## Required action:
After locating the line that contains "YETI's New Leak-Proof", transcribe exactly that line and each one after it until the data ends, skipping pictures.

-- The data follows --

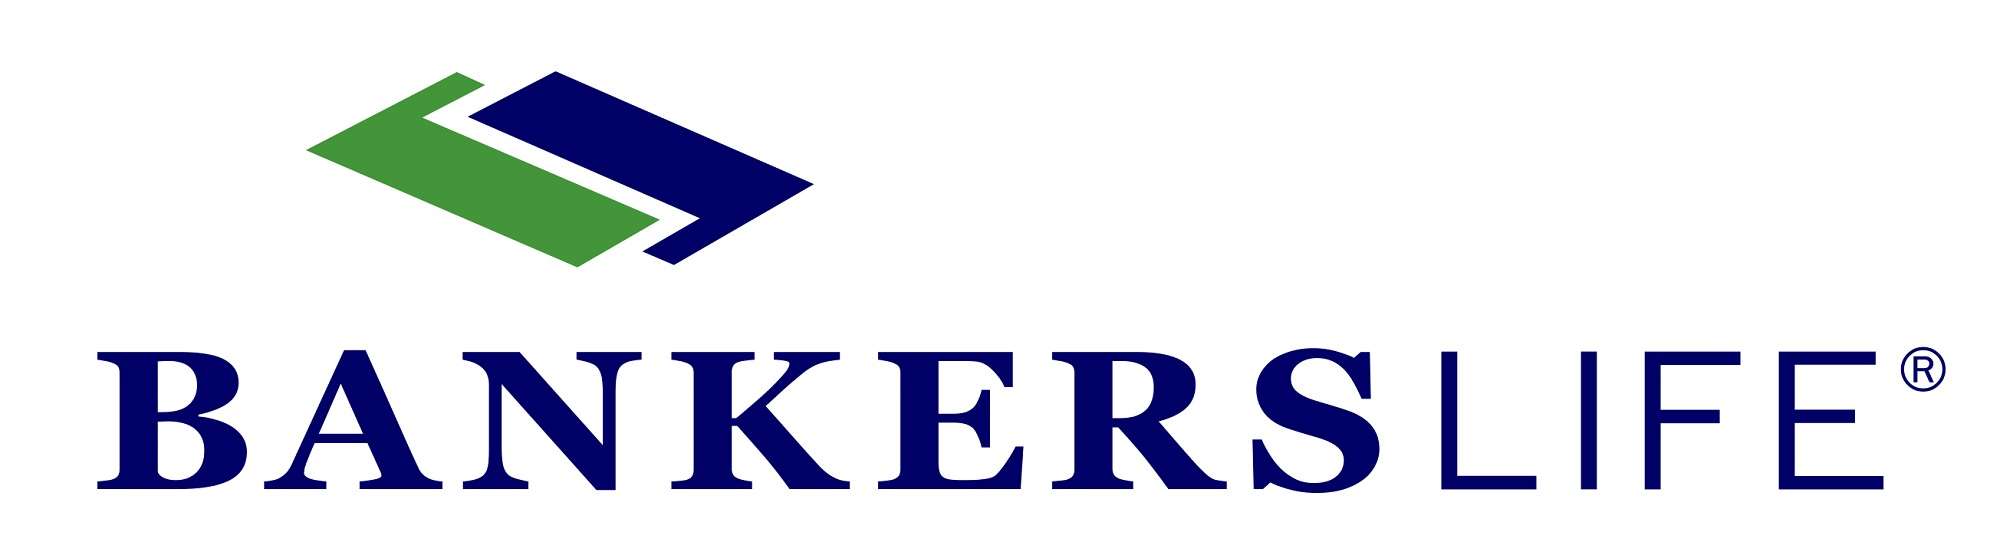 Bankers Life Advisory Services, Inc. Logo
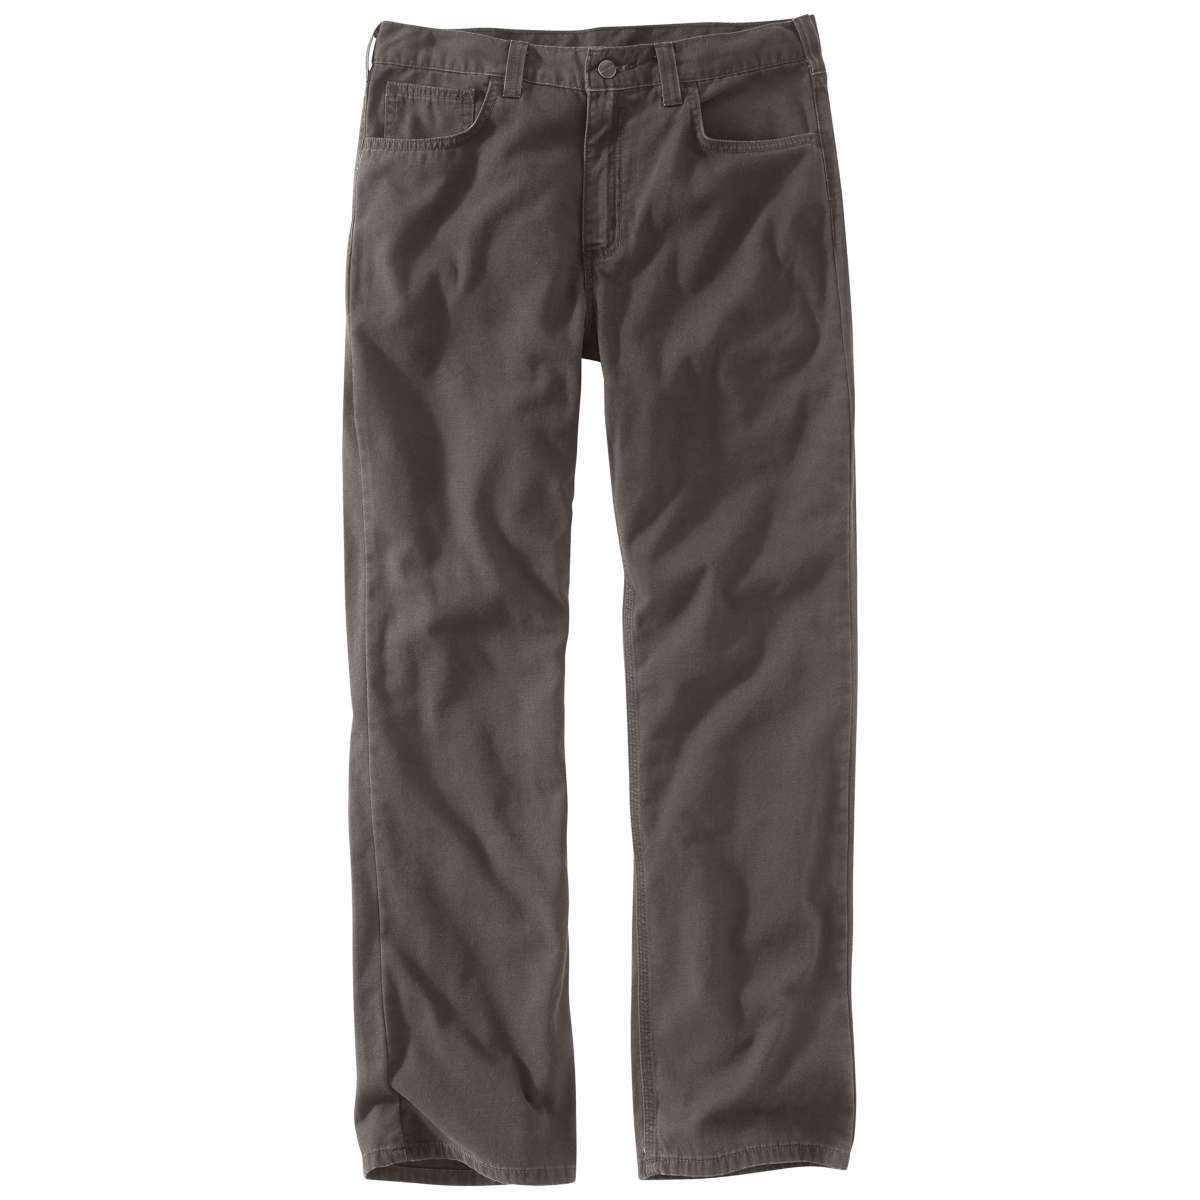 Carhartt Men's Rugged Flex Rigby 5-Pocket Work Pants - Black, 38/34
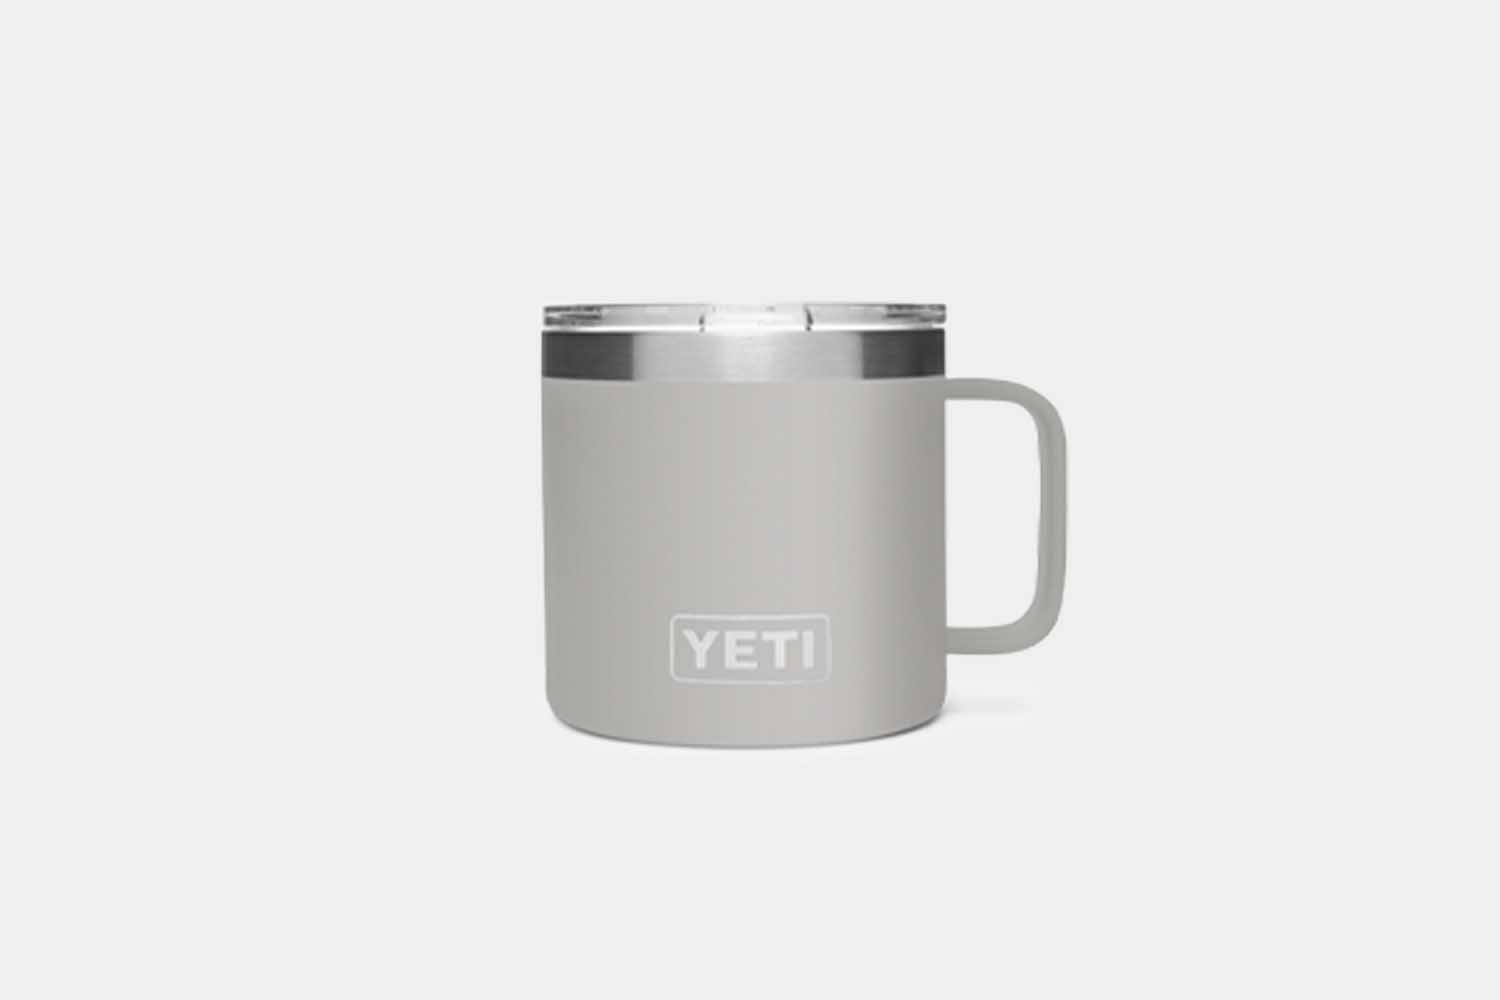 YETI's New Leak-Proof Travel Mug Just Dropped - InsideHook
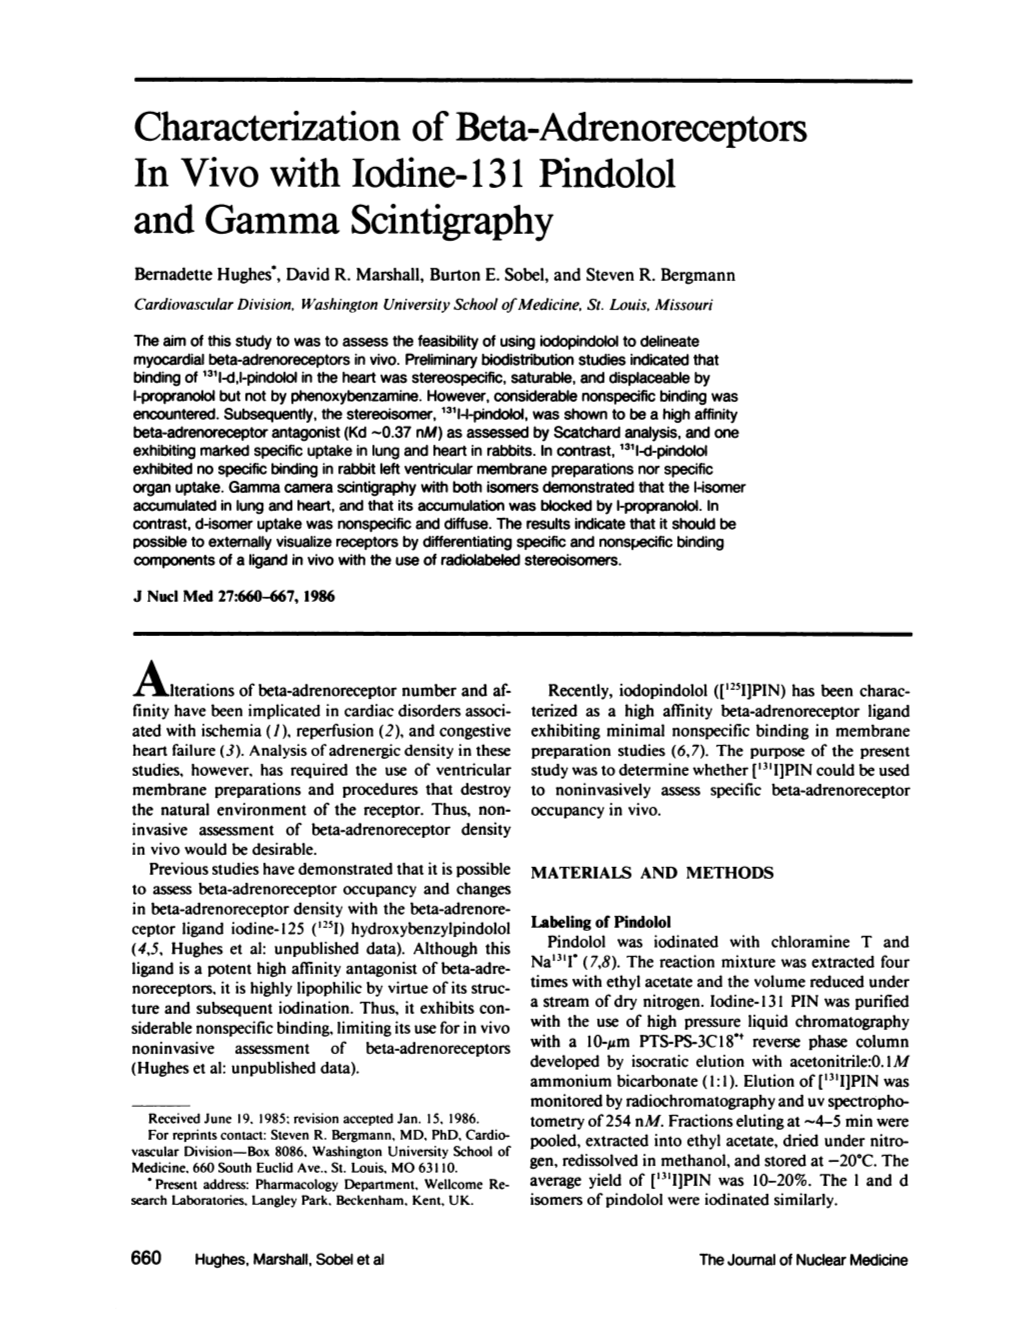 Characterization of Beta-Adrenoreceptors in Vivo with Iodine-131 Pindolol and Gamma Scintigraphy Bernadette Hughes', David R

-- The data concluded --

## Your solution:
 YETI's New Leak-Proof Travel Mug Just Dropped - InsideHook
 Characterization of Beta-Adrenoreceptors in Vivo with Iodine-131 Pindolol and Gamma Scintigraphy Bernadette Hughes', David R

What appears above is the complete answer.